WORK INSTRUCTION
The first line of the entries through the line bearing "Sicilia - Enna": copy these lines exactly and return nothing else.

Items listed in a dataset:
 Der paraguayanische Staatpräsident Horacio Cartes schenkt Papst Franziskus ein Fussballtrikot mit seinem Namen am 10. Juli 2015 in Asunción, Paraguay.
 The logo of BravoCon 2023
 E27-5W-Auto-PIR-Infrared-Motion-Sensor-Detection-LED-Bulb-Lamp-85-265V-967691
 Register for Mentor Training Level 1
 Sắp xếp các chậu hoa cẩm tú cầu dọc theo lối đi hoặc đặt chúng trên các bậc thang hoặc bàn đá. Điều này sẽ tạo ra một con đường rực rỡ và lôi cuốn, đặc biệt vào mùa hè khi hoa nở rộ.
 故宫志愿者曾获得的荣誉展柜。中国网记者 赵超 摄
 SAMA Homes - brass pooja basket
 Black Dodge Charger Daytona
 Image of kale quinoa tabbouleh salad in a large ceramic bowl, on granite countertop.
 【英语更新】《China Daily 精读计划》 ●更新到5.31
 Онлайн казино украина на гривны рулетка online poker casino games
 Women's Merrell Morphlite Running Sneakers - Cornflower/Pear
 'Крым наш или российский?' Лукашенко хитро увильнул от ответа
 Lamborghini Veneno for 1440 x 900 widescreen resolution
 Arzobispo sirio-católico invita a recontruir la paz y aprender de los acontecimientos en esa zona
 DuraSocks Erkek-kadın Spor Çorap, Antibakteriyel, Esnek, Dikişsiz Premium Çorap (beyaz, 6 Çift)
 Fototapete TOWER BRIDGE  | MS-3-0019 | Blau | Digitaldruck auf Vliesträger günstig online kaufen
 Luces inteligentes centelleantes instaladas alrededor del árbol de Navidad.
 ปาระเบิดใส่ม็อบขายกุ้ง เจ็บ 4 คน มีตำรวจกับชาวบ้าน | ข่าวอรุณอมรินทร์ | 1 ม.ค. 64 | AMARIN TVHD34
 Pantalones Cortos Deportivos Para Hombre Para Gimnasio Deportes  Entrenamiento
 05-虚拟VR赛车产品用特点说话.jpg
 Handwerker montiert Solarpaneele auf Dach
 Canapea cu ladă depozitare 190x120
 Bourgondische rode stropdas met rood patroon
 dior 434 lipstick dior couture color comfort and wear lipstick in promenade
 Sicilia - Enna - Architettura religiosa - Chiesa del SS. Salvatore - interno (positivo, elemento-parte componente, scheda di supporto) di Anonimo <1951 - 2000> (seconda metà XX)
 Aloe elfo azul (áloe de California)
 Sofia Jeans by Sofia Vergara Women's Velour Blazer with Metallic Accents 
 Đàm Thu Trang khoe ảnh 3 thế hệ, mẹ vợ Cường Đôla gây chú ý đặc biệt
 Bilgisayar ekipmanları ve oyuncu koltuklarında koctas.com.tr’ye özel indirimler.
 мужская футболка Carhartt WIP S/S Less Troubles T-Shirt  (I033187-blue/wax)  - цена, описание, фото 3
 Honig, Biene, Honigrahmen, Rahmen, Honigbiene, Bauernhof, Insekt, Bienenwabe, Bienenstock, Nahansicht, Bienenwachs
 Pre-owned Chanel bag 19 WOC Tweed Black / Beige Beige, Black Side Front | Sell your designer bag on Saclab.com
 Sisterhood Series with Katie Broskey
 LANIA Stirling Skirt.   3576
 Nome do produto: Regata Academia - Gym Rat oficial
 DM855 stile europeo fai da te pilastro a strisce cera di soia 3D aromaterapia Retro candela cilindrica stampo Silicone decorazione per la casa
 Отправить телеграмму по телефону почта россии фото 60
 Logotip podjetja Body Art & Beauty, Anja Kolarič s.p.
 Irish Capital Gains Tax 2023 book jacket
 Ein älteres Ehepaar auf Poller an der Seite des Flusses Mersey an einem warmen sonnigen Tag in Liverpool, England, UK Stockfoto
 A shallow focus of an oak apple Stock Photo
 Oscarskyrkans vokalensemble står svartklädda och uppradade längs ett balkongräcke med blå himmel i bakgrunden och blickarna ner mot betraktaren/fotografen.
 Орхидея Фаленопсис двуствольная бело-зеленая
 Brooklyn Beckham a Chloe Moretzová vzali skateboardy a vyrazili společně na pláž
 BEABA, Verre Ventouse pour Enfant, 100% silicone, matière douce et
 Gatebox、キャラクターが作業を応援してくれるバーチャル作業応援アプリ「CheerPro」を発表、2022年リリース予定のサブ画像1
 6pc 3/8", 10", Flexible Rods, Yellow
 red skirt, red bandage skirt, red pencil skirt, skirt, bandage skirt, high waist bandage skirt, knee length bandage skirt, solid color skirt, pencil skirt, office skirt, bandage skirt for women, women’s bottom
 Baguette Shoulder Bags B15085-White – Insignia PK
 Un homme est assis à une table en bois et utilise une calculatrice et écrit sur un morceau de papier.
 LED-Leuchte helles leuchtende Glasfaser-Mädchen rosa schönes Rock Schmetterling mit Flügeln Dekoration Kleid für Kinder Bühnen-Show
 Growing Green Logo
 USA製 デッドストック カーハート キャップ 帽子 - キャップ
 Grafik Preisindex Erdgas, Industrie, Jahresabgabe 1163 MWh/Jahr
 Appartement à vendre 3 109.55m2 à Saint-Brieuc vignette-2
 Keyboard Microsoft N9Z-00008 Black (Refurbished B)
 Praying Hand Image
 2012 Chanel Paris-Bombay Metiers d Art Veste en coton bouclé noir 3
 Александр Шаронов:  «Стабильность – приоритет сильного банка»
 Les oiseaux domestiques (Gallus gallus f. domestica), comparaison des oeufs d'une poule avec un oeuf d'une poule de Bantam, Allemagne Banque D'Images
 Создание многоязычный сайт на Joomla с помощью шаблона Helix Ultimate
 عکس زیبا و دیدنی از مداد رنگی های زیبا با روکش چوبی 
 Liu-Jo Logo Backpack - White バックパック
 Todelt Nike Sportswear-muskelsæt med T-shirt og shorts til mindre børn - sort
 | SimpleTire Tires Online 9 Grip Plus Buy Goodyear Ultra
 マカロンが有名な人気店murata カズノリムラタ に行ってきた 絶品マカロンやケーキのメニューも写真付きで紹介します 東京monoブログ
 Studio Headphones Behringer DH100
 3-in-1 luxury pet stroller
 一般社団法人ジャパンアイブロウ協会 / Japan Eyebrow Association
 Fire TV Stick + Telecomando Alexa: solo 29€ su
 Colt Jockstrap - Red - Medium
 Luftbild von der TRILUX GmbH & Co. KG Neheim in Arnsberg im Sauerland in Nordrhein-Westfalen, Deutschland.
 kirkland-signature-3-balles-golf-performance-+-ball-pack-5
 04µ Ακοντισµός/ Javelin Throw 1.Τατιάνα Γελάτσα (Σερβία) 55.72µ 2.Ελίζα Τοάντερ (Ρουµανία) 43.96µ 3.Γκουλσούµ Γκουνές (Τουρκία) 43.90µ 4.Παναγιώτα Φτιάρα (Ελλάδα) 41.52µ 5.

TASK RESULT
 Der paraguayanische Staatpräsident Horacio Cartes schenkt Papst Franziskus ein Fussballtrikot mit seinem Namen am 10. Juli 2015 in Asunción, Paraguay.
 The logo of BravoCon 2023
 E27-5W-Auto-PIR-Infrared-Motion-Sensor-Detection-LED-Bulb-Lamp-85-265V-967691
 Register for Mentor Training Level 1
 Sắp xếp các chậu hoa cẩm tú cầu dọc theo lối đi hoặc đặt chúng trên các bậc thang hoặc bàn đá. Điều này sẽ tạo ra một con đường rực rỡ và lôi cuốn, đặc biệt vào mùa hè khi hoa nở rộ.
 故宫志愿者曾获得的荣誉展柜。中国网记者 赵超 摄
 SAMA Homes - brass pooja basket
 Black Dodge Charger Daytona
 Image of kale quinoa tabbouleh salad in a large ceramic bowl, on granite countertop.
 【英语更新】《China Daily 精读计划》 ●更新到5.31
 Онлайн казино украина на гривны рулетка online poker casino games
 Women's Merrell Morphlite Running Sneakers - Cornflower/Pear
 'Крым наш или российский?' Лукашенко хитро увильнул от ответа
 Lamborghini Veneno for 1440 x 900 widescreen resolution
 Arzobispo sirio-católico invita a recontruir la paz y aprender de los acontecimientos en esa zona
 DuraSocks Erkek-kadın Spor Çorap, Antibakteriyel, Esnek, Dikişsiz Premium Çorap (beyaz, 6 Çift)
 Fototapete TOWER BRIDGE  | MS-3-0019 | Blau | Digitaldruck auf Vliesträger günstig online kaufen
 Luces inteligentes centelleantes instaladas alrededor del árbol de Navidad.
 ปาระเบิดใส่ม็อบขายกุ้ง เจ็บ 4 คน มีตำรวจกับชาวบ้าน | ข่าวอรุณอมรินทร์ | 1 ม.ค. 64 | AMARIN TVHD34
 Pantalones Cortos Deportivos Para Hombre Para Gimnasio Deportes  Entrenamiento
 05-虚拟VR赛车产品用特点说话.jpg
 Handwerker montiert Solarpaneele auf Dach
 Canapea cu ladă depozitare 190x120
 Bourgondische rode stropdas met rood patroon
 dior 434 lipstick dior couture color comfort and wear lipstick in promenade
 Sicilia - Enna - Architettura religiosa - Chiesa del SS. Salvatore - interno (positivo, elemento-parte componente, scheda di supporto) di Anonimo <1951 - 2000> (seconda metà XX)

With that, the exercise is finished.